WWF, Engro sign agreement with govt to restore degraded forest land

Published November 25, 2021
Special Assistant to Prime Minister on Climate Change Malik Amin Aslam  witnesses the signing ceremony for the launch of the Forest Restoration and Carbon Offset Programme at the Ministry of Climate Change in Islamabad on November 24. — PID
Special Assistant to Prime Minister on Climate Change Malik Amin Aslam witnesses the signing ceremony for the launch of the Forest Restoration and Carbon Offset Programme at the Ministry of Climate Change in Islamabad on November 24. — PID

ISLAMABAD: The government on Wednesday signed an agreement with the World Wide Fund (WWF) for Nature, Pakistan and Engro Foundation to restore 50,000 acres of degraded forest lands.

“The private sector can play a vital role in restoring the country’s degraded forest landscape for achieving environmental and economic sustainability,” said Special Assistant to the Prime Minister on Climate Change Malik Amin Aslam while speaking at a press conference.

The memorandum of understanding (MoU) was signed between WWF-P, Engro Foundation and the Ministry of Climate Change under which they would combine their efforts under a joint Forest Restoration Programme and restore 50,000 acres of degraded forest land in various parts of the country at a cost of Rs600 million.

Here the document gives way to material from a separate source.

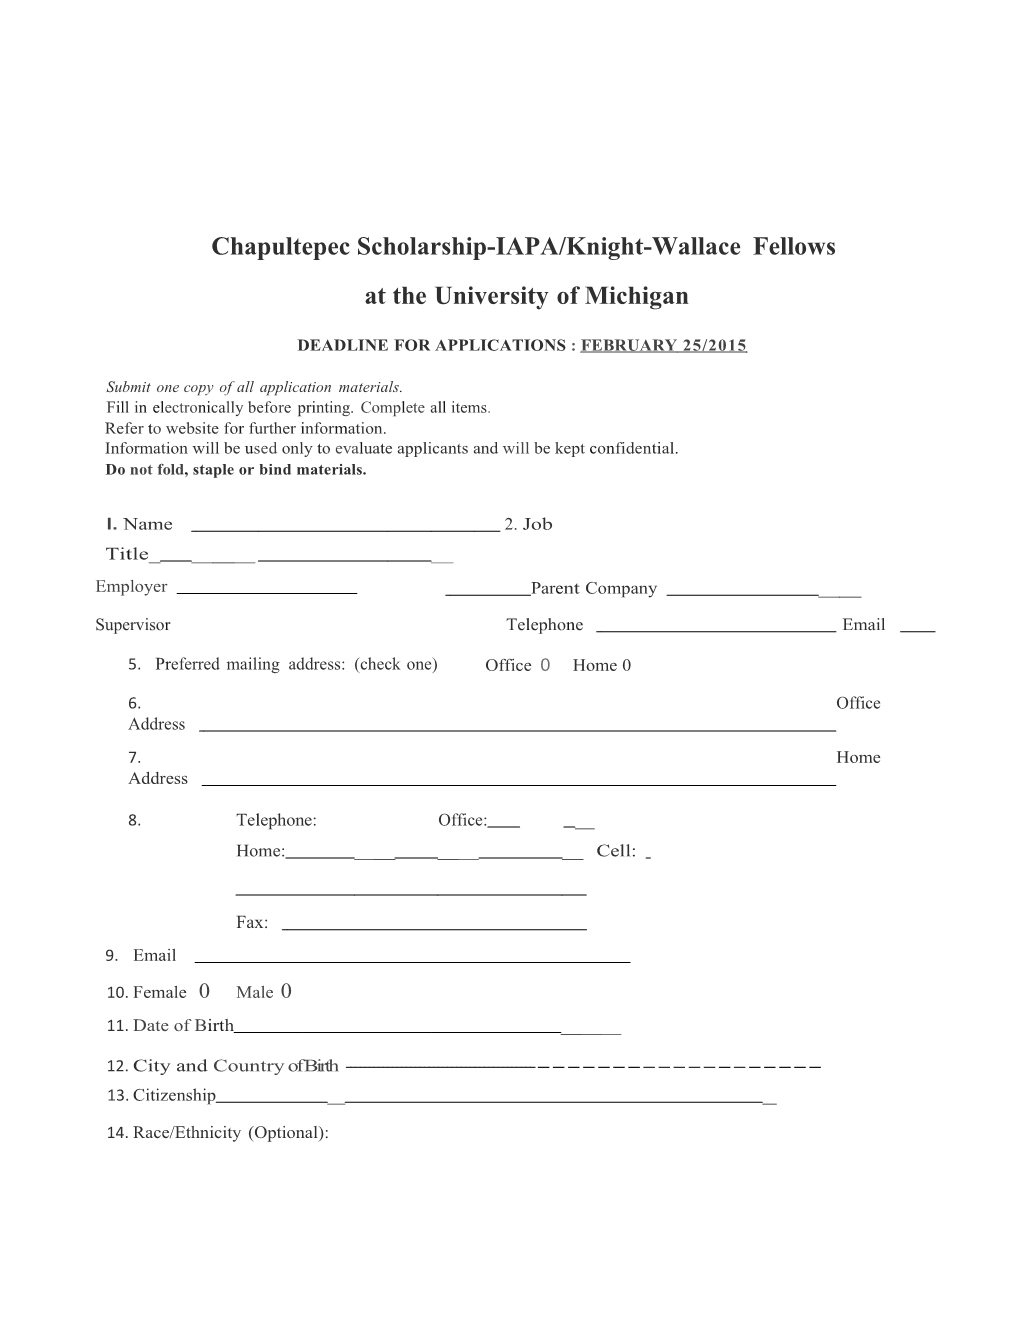 Chapultepec Scholarship-IAPA/Knight-Wallacefellows

Programme will be executed at a cost of Rs600 million

The PM’s aide said that degradation and loss of forests had already destabilised natural systems on a scale unseen in human history, adding, the world had already lost nearly half of the six trillion trees that existed on Earth before the onset of agriculture 12,000 years ago.

WWF-Pakistan would conduct the monitoring of the afforestation.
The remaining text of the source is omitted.